Unlike your company’s articles of association, which are filed at Companies House and publicly available, a shareholder agreement is confidential. This makes it the right place for sensitive commercial arrangements, detailed governance provisions, and matters you’d rather not share with competitors, customers, or the general public.
Think of a shareholder agreement as the “prenup” for your business. When everyone’s getting along and excited about the venture, it’s easy to assume you’ll always agree. But circumstances change. People fall out. Life events happen. A good shareholder agreement addresses these possibilities while relationships are still positive, so there’s a clear framework when they’re not.
If your company has more than one shareholder and you don’t have a shareholder agreement, you should probably get one.
Get a free, no-obligation chat with our commercial team, call us on 02920 829 100 or use our Contact us form.
Many companies start with just the standard “model articles”. These cover the basics but leave significant gaps that can cause real problems as businesses grow and circumstances change.

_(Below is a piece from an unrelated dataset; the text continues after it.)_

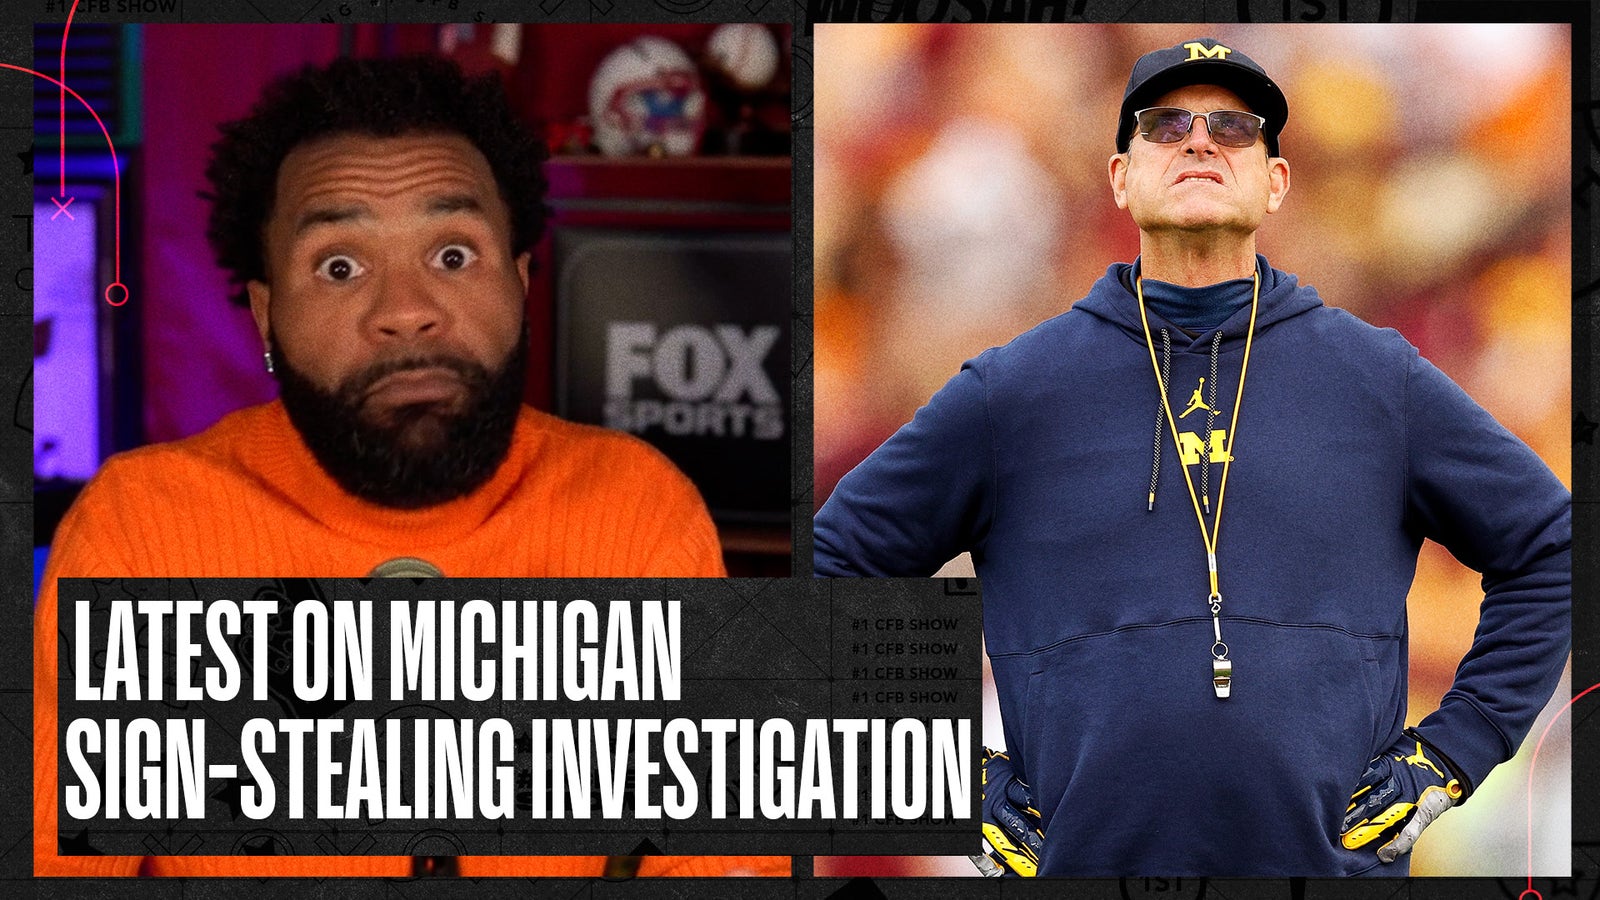 Latest on sign-stealing investigation: Will the Big Ten punish Michigan?

Here’s why a shareholder agreement matters:
Without a shareholder agreement, minority shareholders have limited protection against majority decisions. The majority can often do what they want, including bringing in new shareholders, changing the direction of the business, or paying themselves large salaries while restricting dividends.
A shareholder agreement can give minority shareholders veto rights over important decisions, ensuring their voice is heard on matters that affect their investment.
For majority shareholders, a shareholder agreement prevents minority shareholders from blocking sales or exits, through drag-along provisions that compel all shareholders to sell if the majority agree.
In many owner-managed businesses, shareholders also work in the company. But what happens if someone stops pulling their weight? Or wants to reduce their hours? Or the business needs skills the founders don’t have?
A shareholder agreement can set out expectations about involvement, how decisions about salaries and roles are made, and what happens if someone isn’t contributing as expected.
Without proper provisions, a departing shareholder keeps their shares indefinitely. This can mean:
A shareholder agreement deals with these scenarios. It can require departing shareholders to sell their shares (good leaver/bad leaver provisions), set out how shares are valued, and establish who gets first refusal to buy them.
A shareholder typically owes no duties to the company after selling their shares. Without a shareholder agreement, a departing shareholder could take their knowledge and contacts and set up in direct competition.
Restrictive covenants in a shareholder agreement can prevent this, stopping former shareholders from competing, soliciting customers, or poaching staff for a reasonable period after exit.
If two shareholders each own 50%, what happens when they can’t agree? Without a mechanism to break deadlock, the company can become paralysed, unable to make decisions and potentially heading for expensive court proceedings.
A shareholder agreement can include deadlock resolution mechanisms: bringing in an independent director, referring matters to expert determination, or providing a structured buyout process.
What happens if one shareholder wants to sell their shares? What if the majority want to sell the whole company but a minority shareholder objects? What if someone receives an offer and wants to take it?
Tag-along and drag-along rights, pre-emption provisions, and exit mechanisms in a shareholder agreement ensure these situations are handled fairly and don’t derail sales or create unfair outcomes.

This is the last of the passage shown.